Фото en.wikipedia.org
Бороться с нищенством и безработицей через предоставление “трудовой помощи” - мысль не новая, и с наибольшим размахом эту идею воплотили в викторианской Англии. Правда, результат у британцев вышел, мягко говоря, неоднозначным. Слово “работный дом” благодаря литературе известно многим, но ассоциации вызывает самые безрадостные. И действительно, система работных домов в Англии вызывала почти всеобщую ненависть. Но предложить что-то взамен государство смогло лишь в двадцатом веке.
Представим, что на дворе холодная ночь где-то в середине XIX века. Место действия - трущобы какого-нибудь британского города, допустим, мы в Ист-Энде, пролетарской части Лондона. У ворот мрачного кирпичного здания собралась толпа. Здание это - работный дом, которых в последние годы понастроили при объединениях приходов согласно новому закону о бедных.
Кто-то приковылял один, другие привели семью. Большинство одеты в такие обноски, по которым даже не угадаешь, чем они были в свои лучшие времена, а на ком-то, пусть тысячу раз перелатанный, но сюртук и даже выцветший цилиндр: судьба - дама ветреная. Так или иначе, этим людям некуда больше идти: к другой работе они либо уже не пригодны, либо их не берут куда-то еще, а значит, у бедолаг нет даже нескольких шиллингов в неделю на съем каморки в трущобах и на уголь, чтобы ее отапливать.
Говорят, что лучше уж пойти собирать в грязи на берегу Темзы мусор в надежде продать что-нибудь старьевщику или собирать собачьи экскременты для кожевников (богатыми щелочью фекалиями чистят шкуры, и за ведро “продукта” хорошего качества и нужной консистенции можно выручить вплоть до шиллинга). Но пойти в работный дом - это последняя ступень. К сожалению, законы в стране теперь таковы, что от государства другой помощи не дождаться. Не оставаться же умирать от холода и сырости на улице.

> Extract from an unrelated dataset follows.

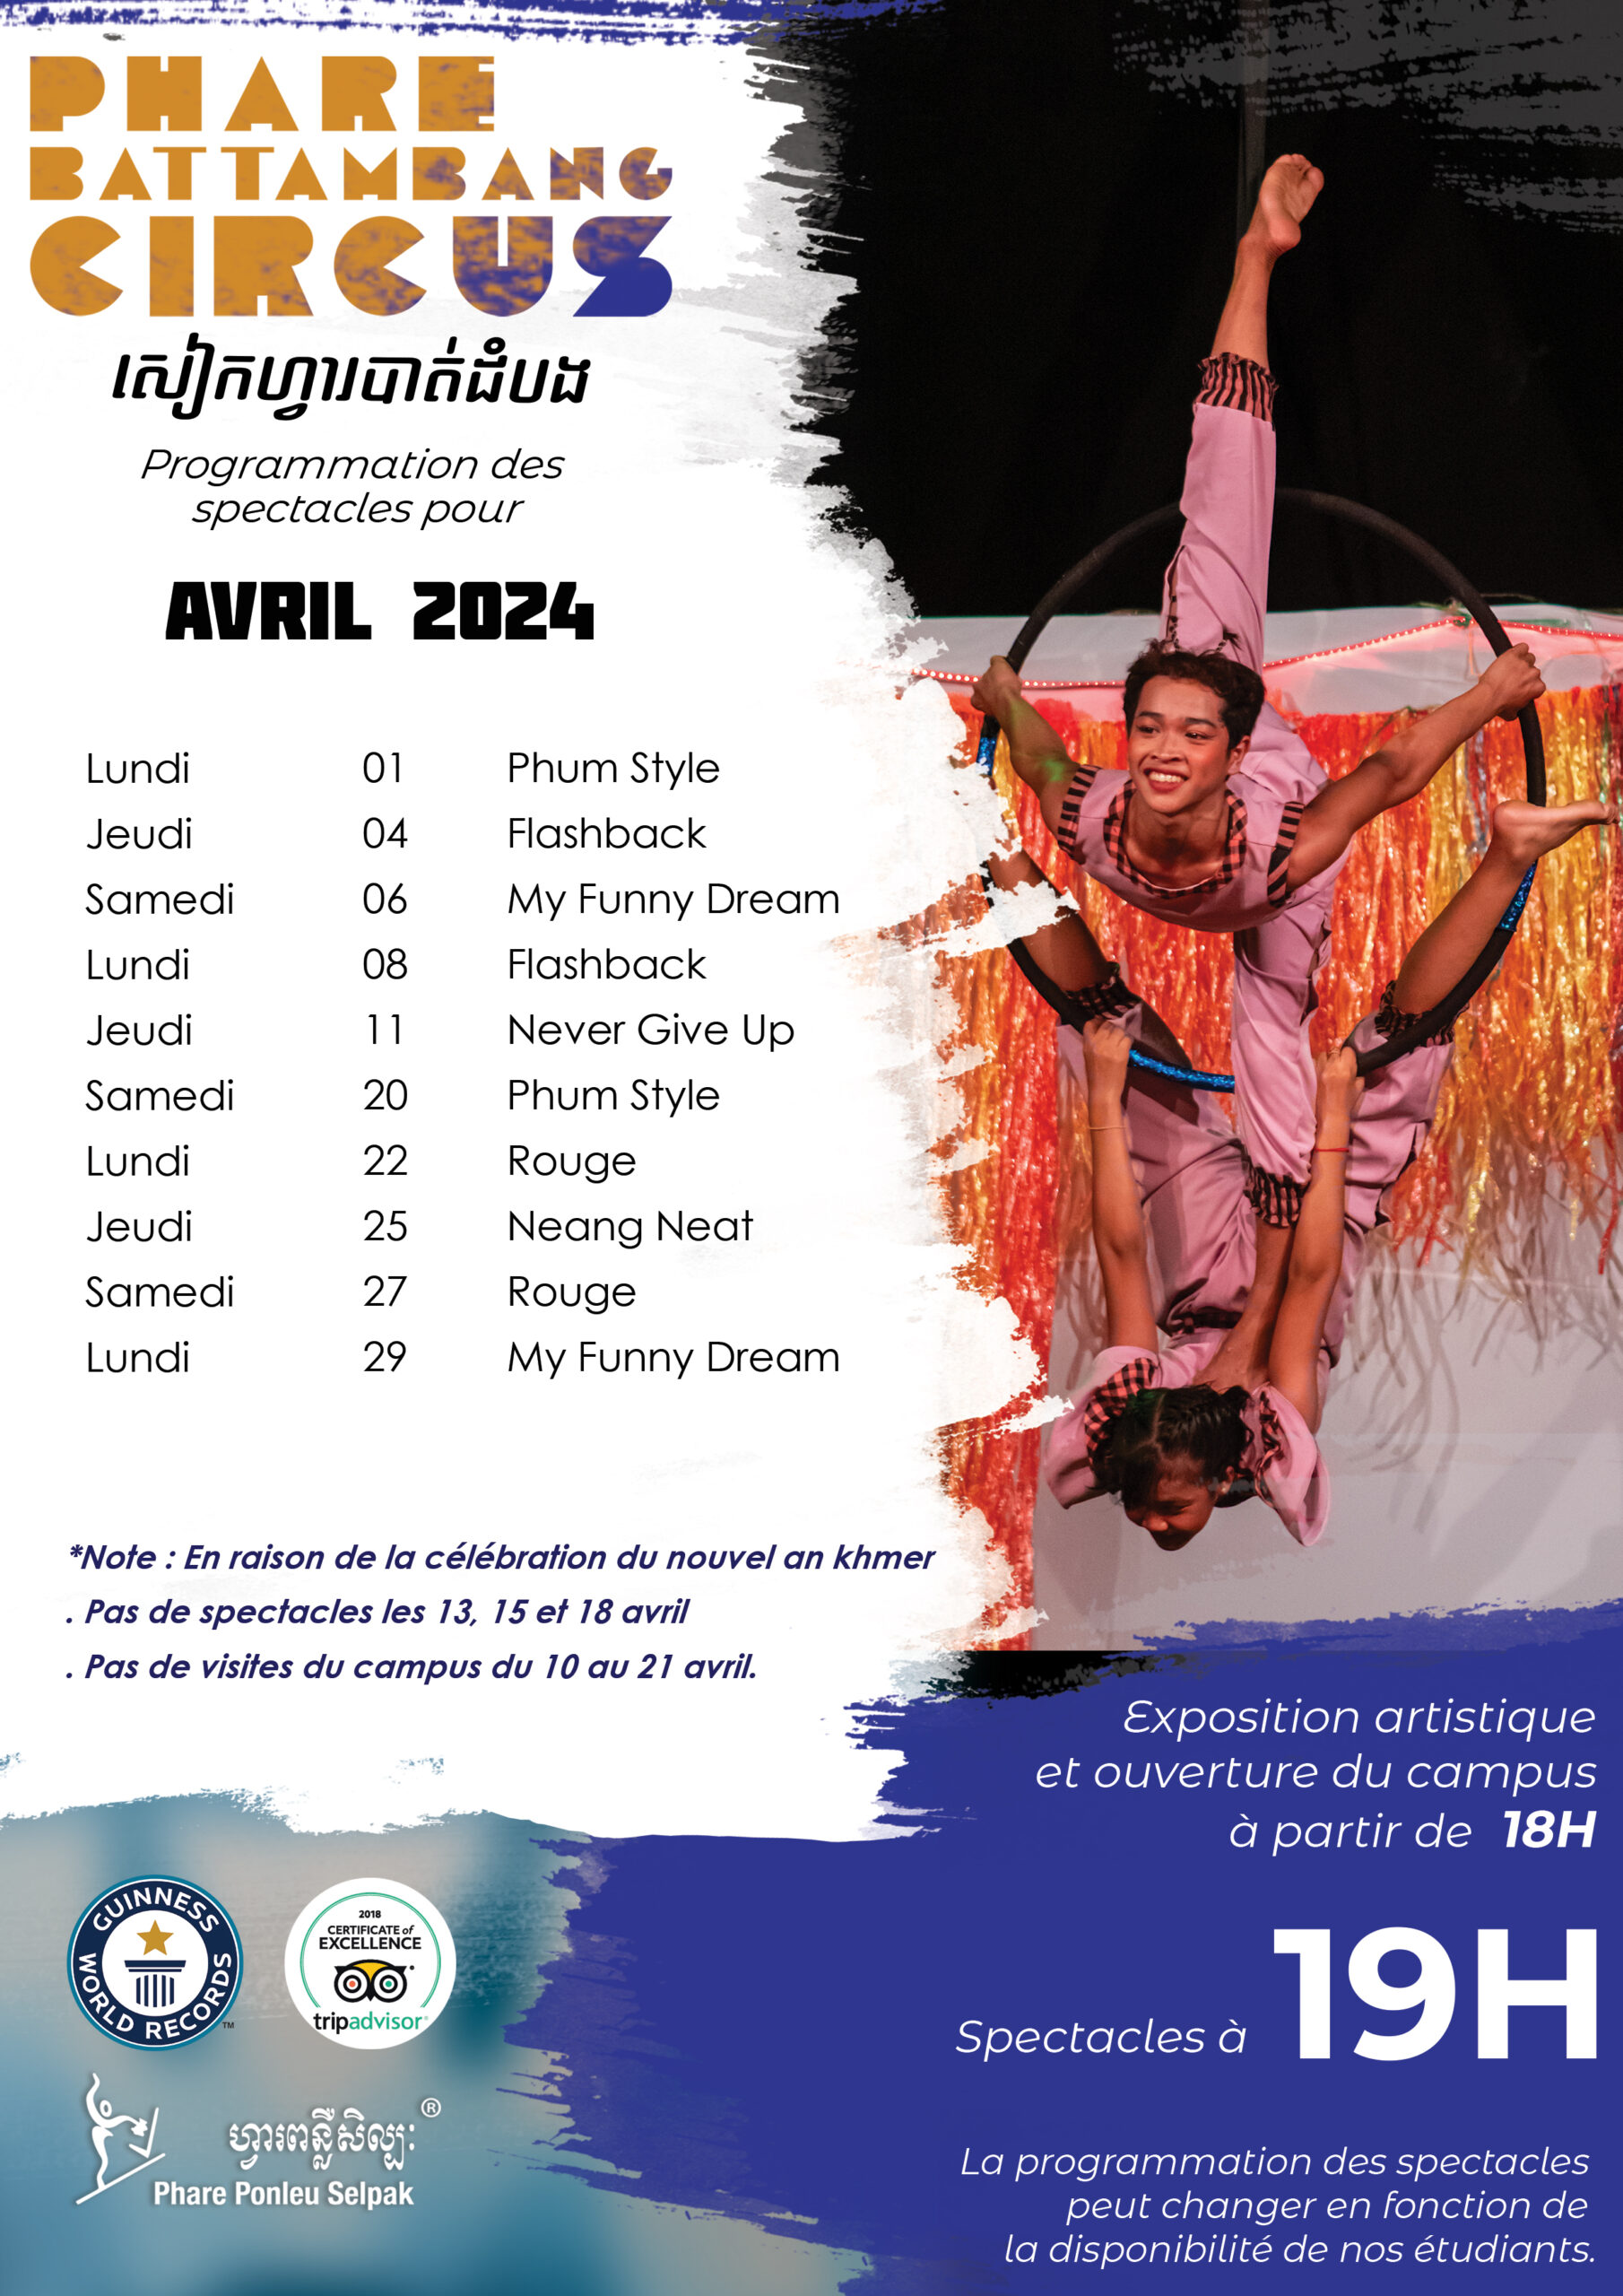 Phare Battambang Circus show schedule in Mars 2024 - français

Промышленная революция принесла Англии процветание и репутацию флагмана мирового прогресса, которую Альбион удержит до самого XX века, когда гордое звание перехватят шустрые янки. Но изнанка этого, безусловно, титанического рывка была довольно неприглядной. Да, новомодные машины, каждая производительнее доброго десятка человек, двигают страну вперед. С другой стороны... люди, которых эти машины заменили, вливаются в ряды безработных.
Начало XIX века в Англии было отмечено “восстаниями против машин”. Рабочие по примеру полумифического бунтаря Неда Лудда принимаются громить фабричные станки - на подавление выступлений приходится бросать целые полки “красных мундиров”, а ведь их так не хватает на Пиренеях, где Веллингтон воюет с французами! Луддиты не боятся ни петли, ни ссылки в Австралию, при том, что саботаж в военное время - тяжкое преступление. Восстают и сельские работники - внедрение мощных молотилок оставило их без куска хлеба, который нынче дорог: правительство взяло под крыло своих фермеров и установило заградительные пошлины на иностранное зерно, не подумав о том, как это отразится на ценах внутри страны.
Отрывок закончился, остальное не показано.